The question:
Determine $N$ where $0$ $\leq$ $n$ $\leq$ $16$ such that $710^{447}$$\equiv$ $n$ $($ mod $17$ $)$
My attempt
$710^{1}$ $\equiv$ $710$ (mod $17$) $\equiv$ $13$
$710^{2}$ $\equiv$ $13^{2}$ $\equiv$ $169$ (mod $17$) $\equiv$ $16$
$710^{3}$ $\equiv$ $16*13$ $\equiv$ $208$ (mod $17$) $\equiv$ $4$
$710^{4}$ $\equiv$ $16^{2}$ $\equiv$ $256$ (mod $17$) $\equiv$ $1$
$710^{5}$ $\equiv$ $16^{2}*13$ $\equiv$ $3328$ (mod $17$) $\equiv$ $13$
$710^{6}$ $\equiv$ $4^{2}$ $\equiv$ $16$ (mod $17$) $\equiv$ $16$
$710^{7}$ $\equiv$ $16*4*13$ $\equiv$ $832$ (mod $17$) $\equiv$ $16$
It follows,
$$710^{3(149)}\equiv4^{148+1}\equiv4^{148}*4^{1}\equiv4^{2(74)} *4^{1}$$ $$4^{2(74)}*4^{1}\equiv4^{8}*4^{5(7)}*4^{5(7)}*4^{5(7)}*4^{5(7)}*4^{1}$$
$$65536 (mod 17) \equiv 1$$
So,
$$4^{8}*4^{5(7)}*4^{5(7)}*4^{5(7)}*4^{5(7)}\equiv4^{140}$$
And,
$$4^{140}\equiv4^{4*5*7}$$
Since $$4^{4}=256$$
We obtain $$256 (mod 17) \equiv 1$$
and, $$1^{5*7}=1$$
Thus, $N$=$1$
Do you know Fermats Little theorem that states if $p$ is prime (as $17$ is) and $a\not \equiv 0 \mod p$ then $a^{p-1} \equiv 1 \mod p$.
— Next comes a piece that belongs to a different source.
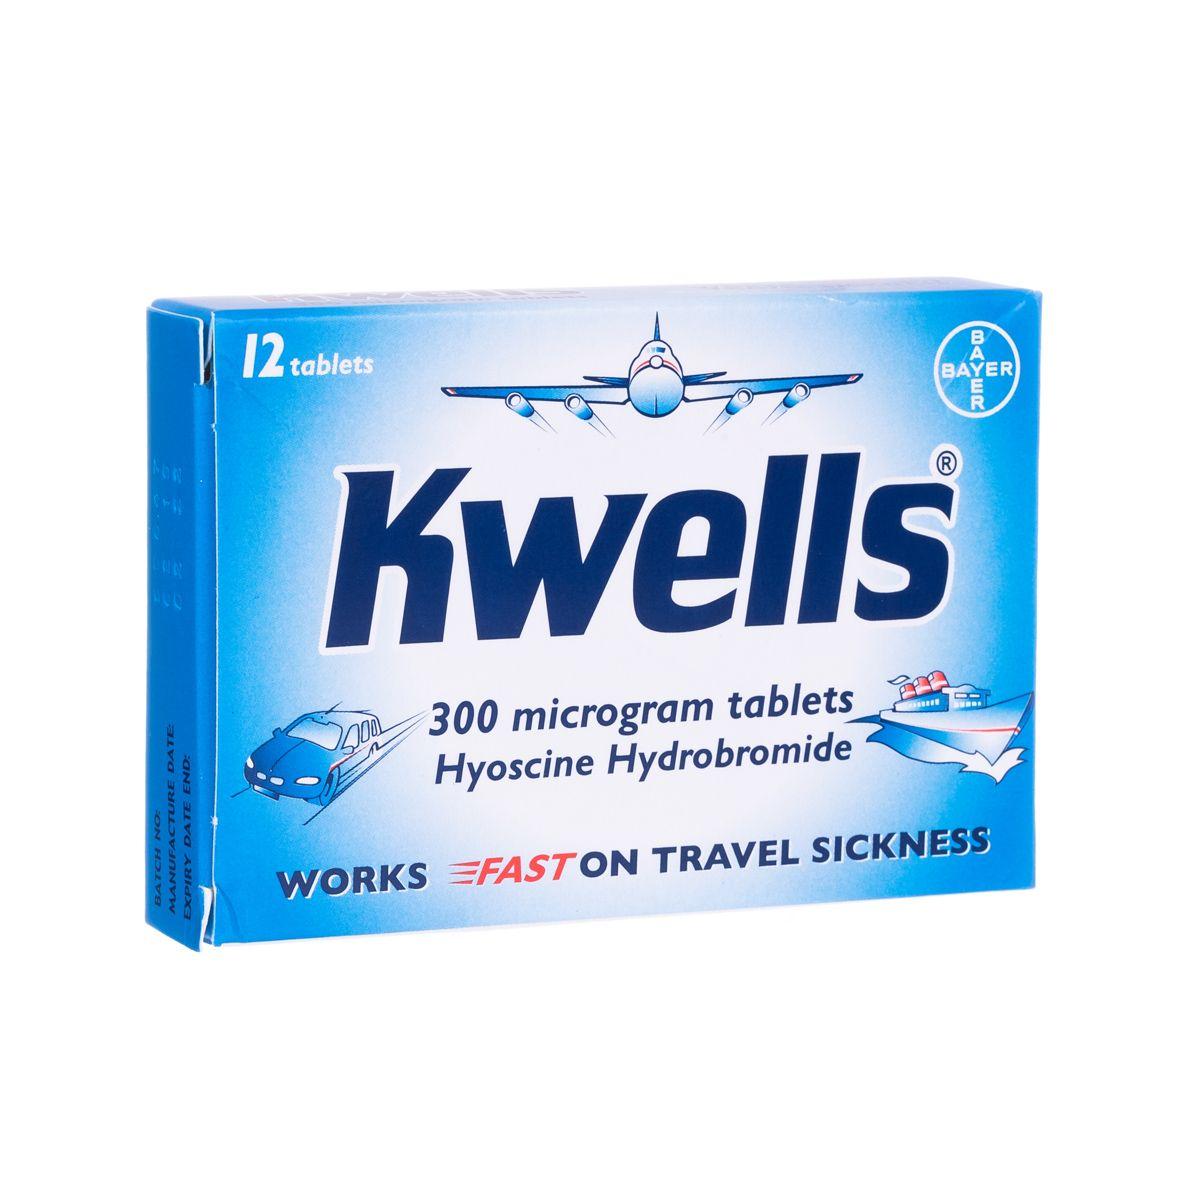 Kwells

So $710^{447}= 710^{16k + m} \equiv 710^{16k}710^m \equiv 710^m \mod 17$.
If not:
$710 = 41*17 + 13 \equiv 13\equiv -4 \mod 17$. ($4$ is a much nicer number than $13$).
$710^2 \equiv (-4)^2 = 16 \equiv -1 \mod 17$. ($1$ is as nice as you can get.)
$710^4 \equiv (-1)^2 \equiv 1 \mod 17$.
$710^{444} = (710^4)^{111} \equiv 1^{111}\equiv 1 \mod 17$.
So $710^{447}\equiv 1*710^3 \equiv (-4)^3 \equiv (-4)^2*(-4)\equiv (-1)*(-4) \equiv 4 \mod 17$.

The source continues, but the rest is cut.